Additionally, we found a clear and significant downregulation of vascular genes (supplementary material Fig. S1B) as well as a modest increase in some mesenchymal genes, whereas others remained unchanged (supplementary material Fig. S1C). Dlk1 may thus play a dual regulatory role, increasing vascular but decreasing myogenic commitment during adult muscle regeneration, whereas mesenchymal remodeling seems to be unaffected.

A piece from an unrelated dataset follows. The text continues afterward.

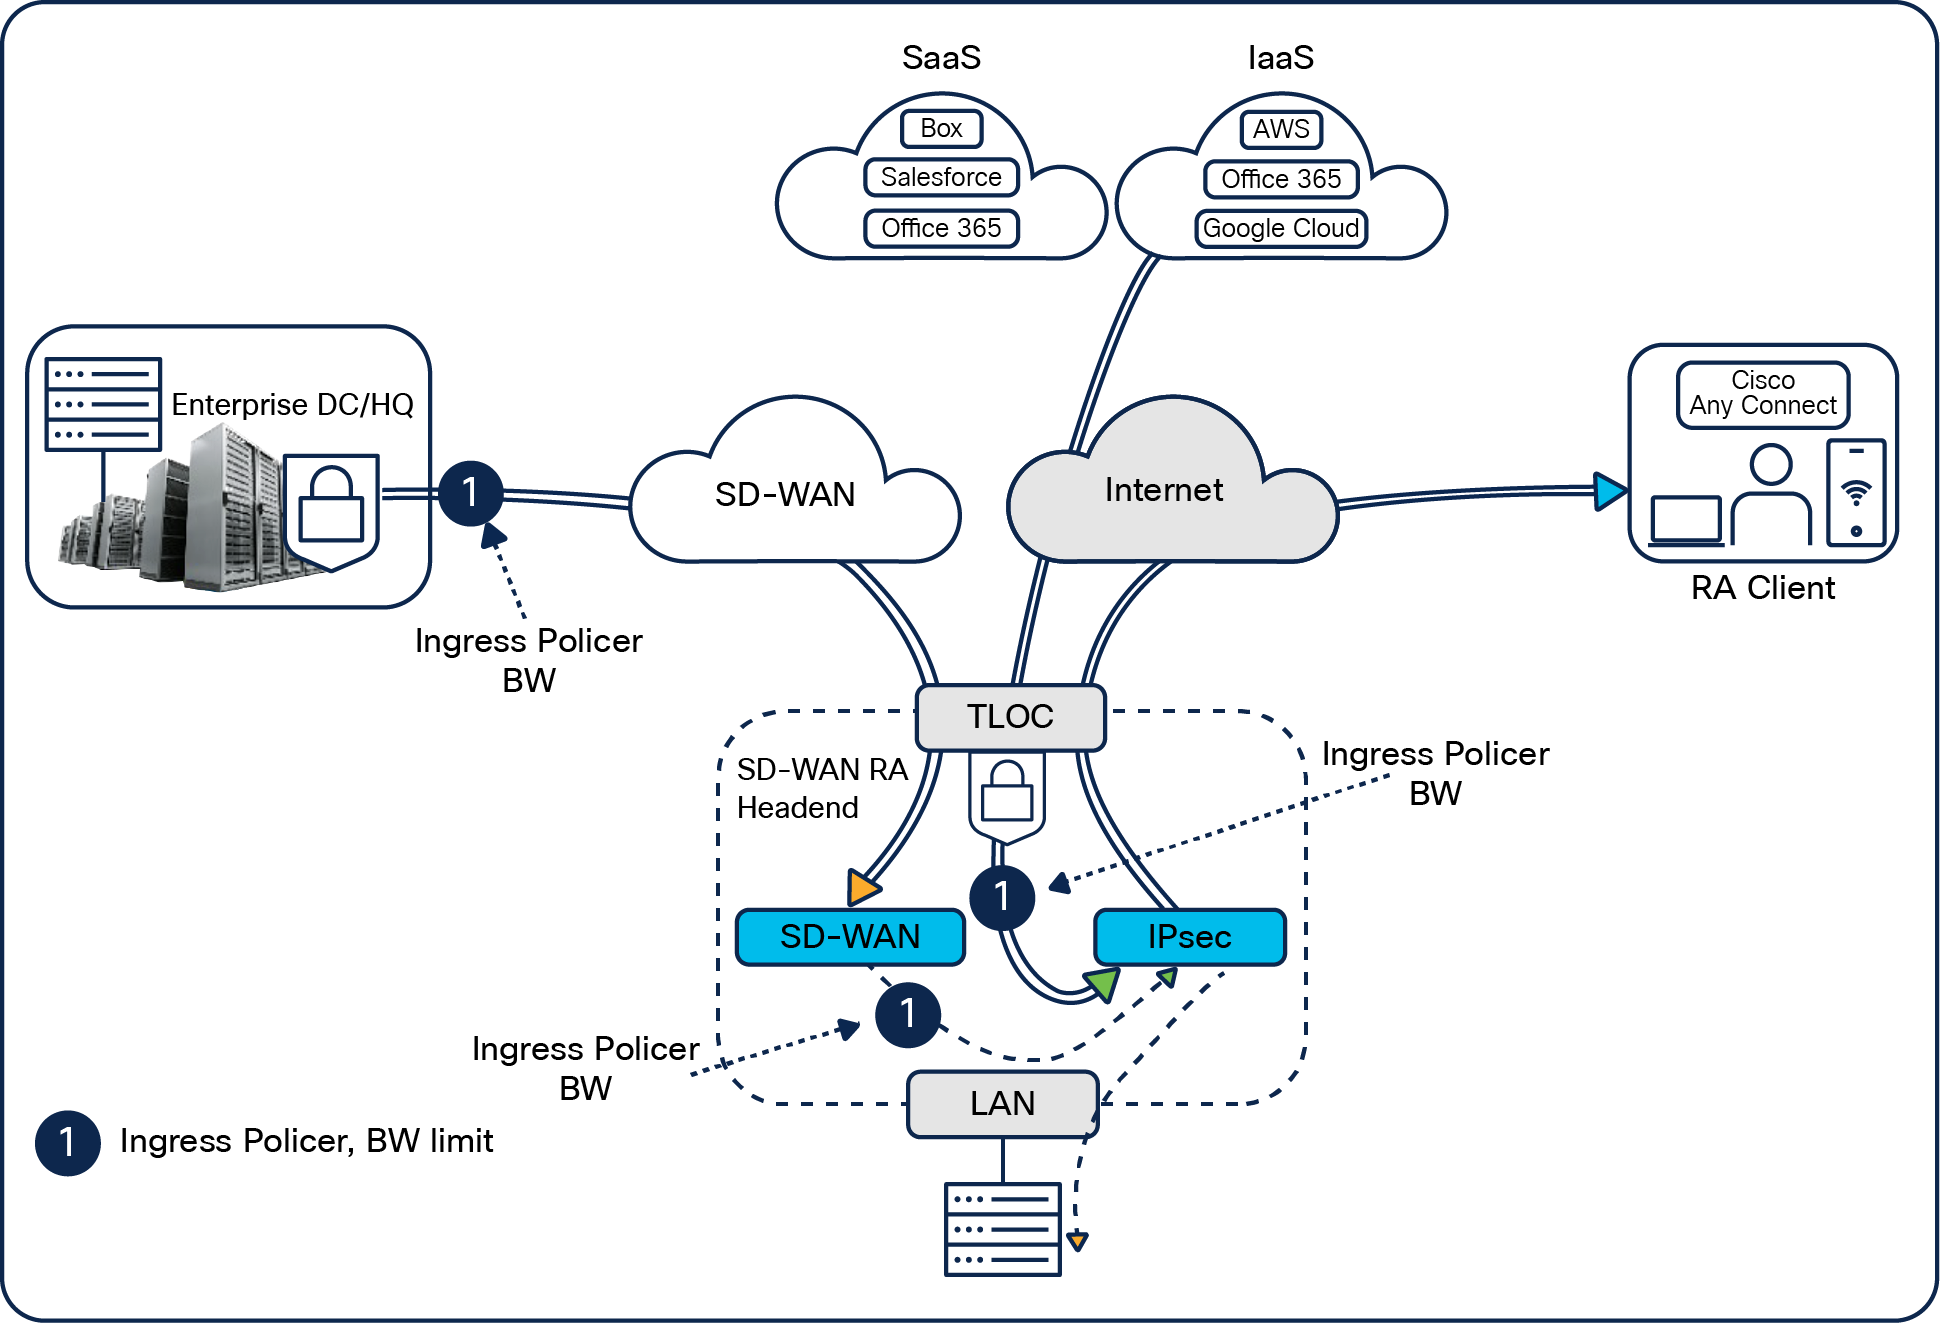 Remote-access client downstream traffic

In vivo muscle regeneration is improved in Dlk1-deficient animals
To elucidate whether our findings demonstrate a biological mechanism during in vivo adult muscle regeneration, we performed a detailed series of knife-cut lesions in Dlk1-/- and Dlk1+/+ gastrocnemius muscles. Because no difference was observed in the muscle phenotype between genders (Fig. 1), we designed our experimental setup to comprise high biological diversity with two females and two males (n=4) of each strain and analyzed muscle regeneration during 14 days.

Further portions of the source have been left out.